For Western blot assays, exponentially grown T. cruzi epimastigotes were used to prepare protein extracts. Cells were washed and resuspended in SDS gel-loading buffer [100 mM Tris-HCl (pH 6.8), 200 mM dithiothreitol, 4% SDS, 0.2% bromophenol blue, 20% glycerol] at a final concentration of 2.105 cells, and boiled for 10 min, generating the total extract. Proteins were separated on a 10% SDS polyacrylamide gel, blotted (2 h, 200 mA) onto nitrocellulose membranes, and incubated with primary antibody [1:2,000 dilution for anti-TcRad51; 1:3000 for rabbit anti-γH2A, produced and kindly provided by Dr. Richard McCulloch’s lab [21]; or 1:12,000 dilution for anti-alpha-tubulin monoclonal (Abcam)], and then with secondary antibody conjugated with peroxidase [anti-mouse or rabbit IgG (GE), 1:10,000 dilution]. Antibody binding was visualized through the use of ECL-Plus Western Blot Detection System (GE). Images were recorded using STORM Phosphoimager (GE).
TcRad51 immunolocalization
TcRad51 immunolocalization experiments were performed by attaching 2.105 cells prewashed with PBS onto glass slides, and fixation was carried out with 4% p-formaldehyde in PBS for 20 min.
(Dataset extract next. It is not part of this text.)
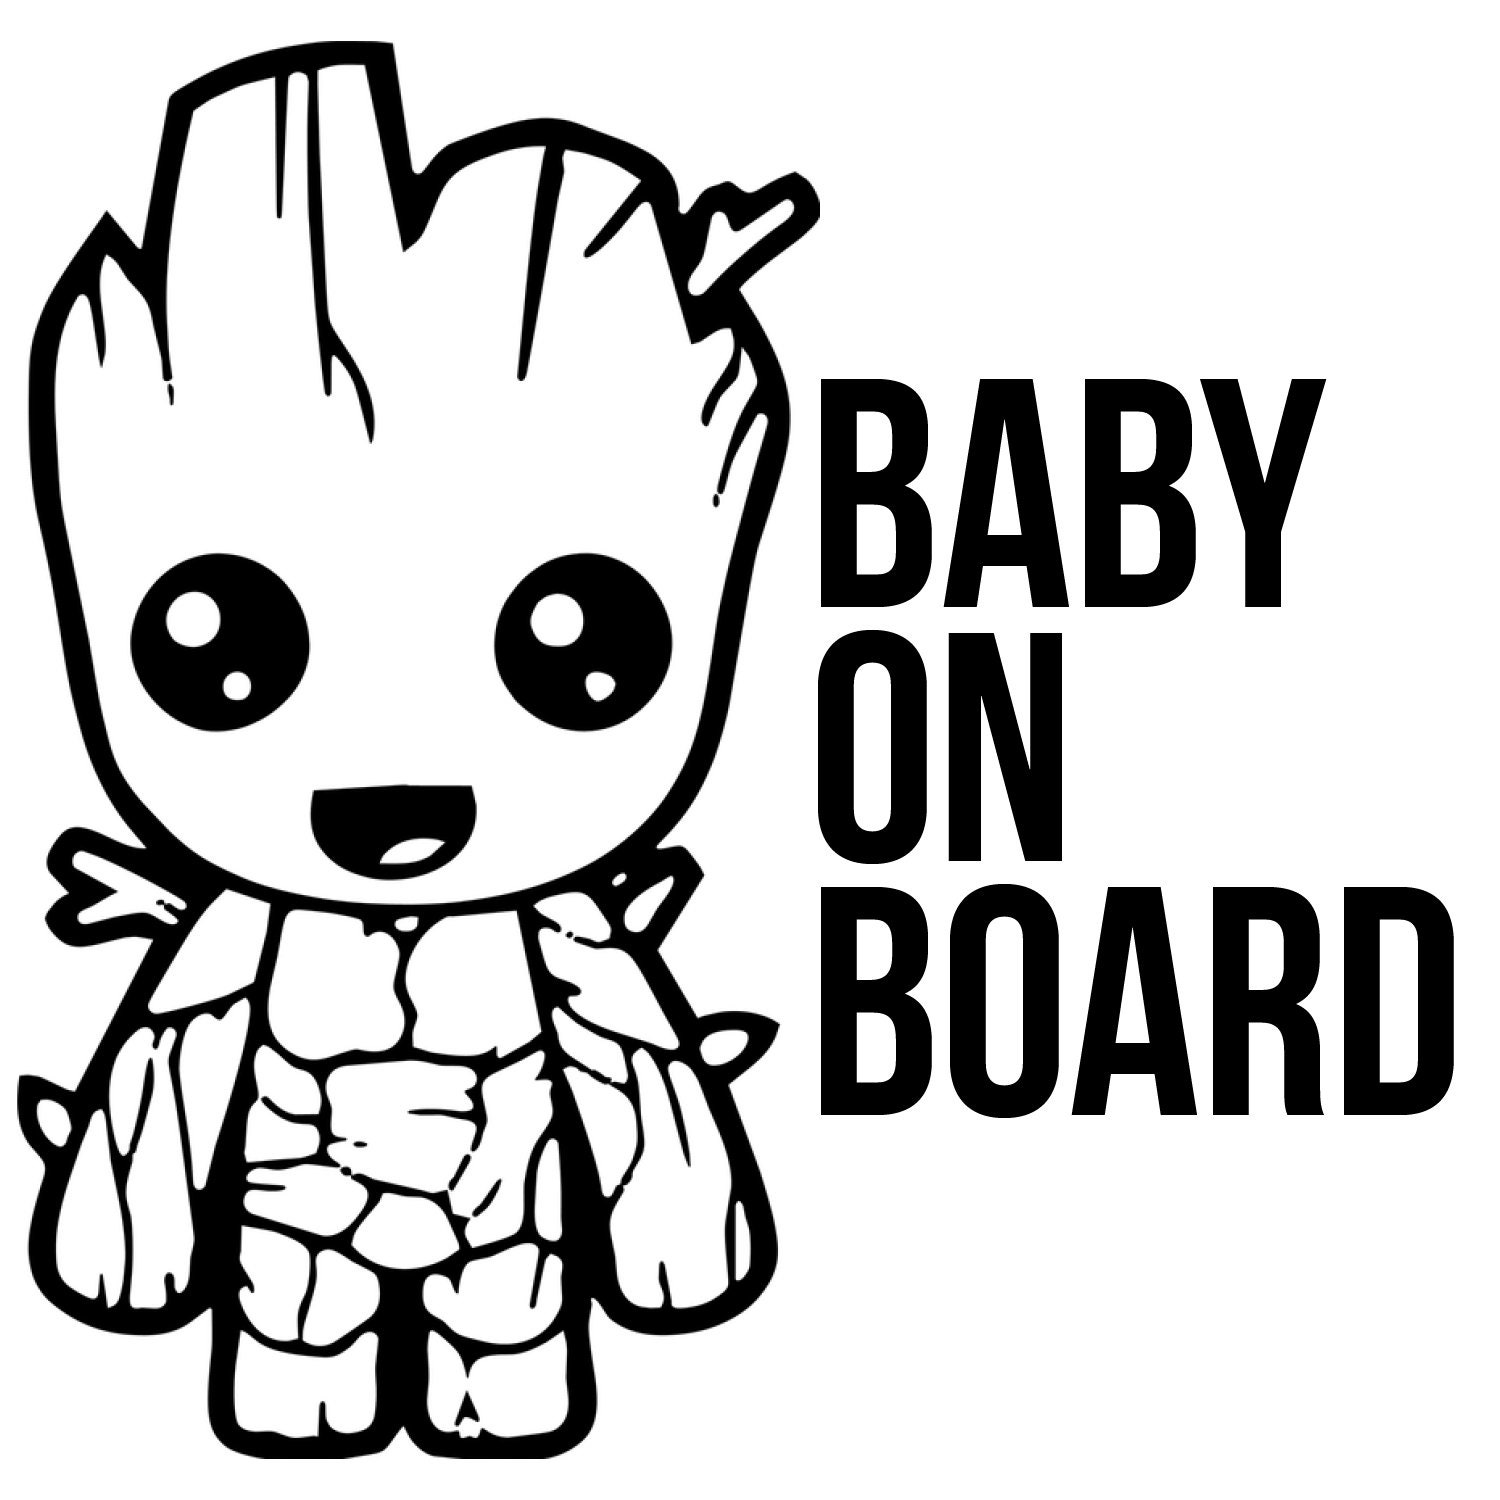 Download Svg Car Decal Cut File Baby Groot Baby On Board Etsy

Slides were then washed three times with PBS and treated with 0.1% Triton X-100 in PBS for 5 min, before being incubated for 30 min with 1% bovine serum albumin diluted in PBS. Next, slides were incubated overnight with polyclonal anti-TcRad51 antiserum diluted 1:2,000 in PBS containing 1% bovine serum albumin and, after that, were washed three times. Primary antibodies were detected with anti-mouse secondary antiserum conjugated with Alexa Fluor 555 (anti-mouse IgG–Invitrogen) diluted 1:5,000 in the presence of 0.01 mM 4',6-diamidino-2-phenylindole (DAPI). Vectashield (Vector Laboratories) was used for mounting, and slides were visualized using a 100X oil immersion objective (1.3 numerical aperture) from a Nikon E600 microscope coupled to a Nikon DXM1200F camera. Images were processed for color using Adobe Photoshop software (Adobe Systems Incorporated). At least 200 cells were analyzed per coverslip.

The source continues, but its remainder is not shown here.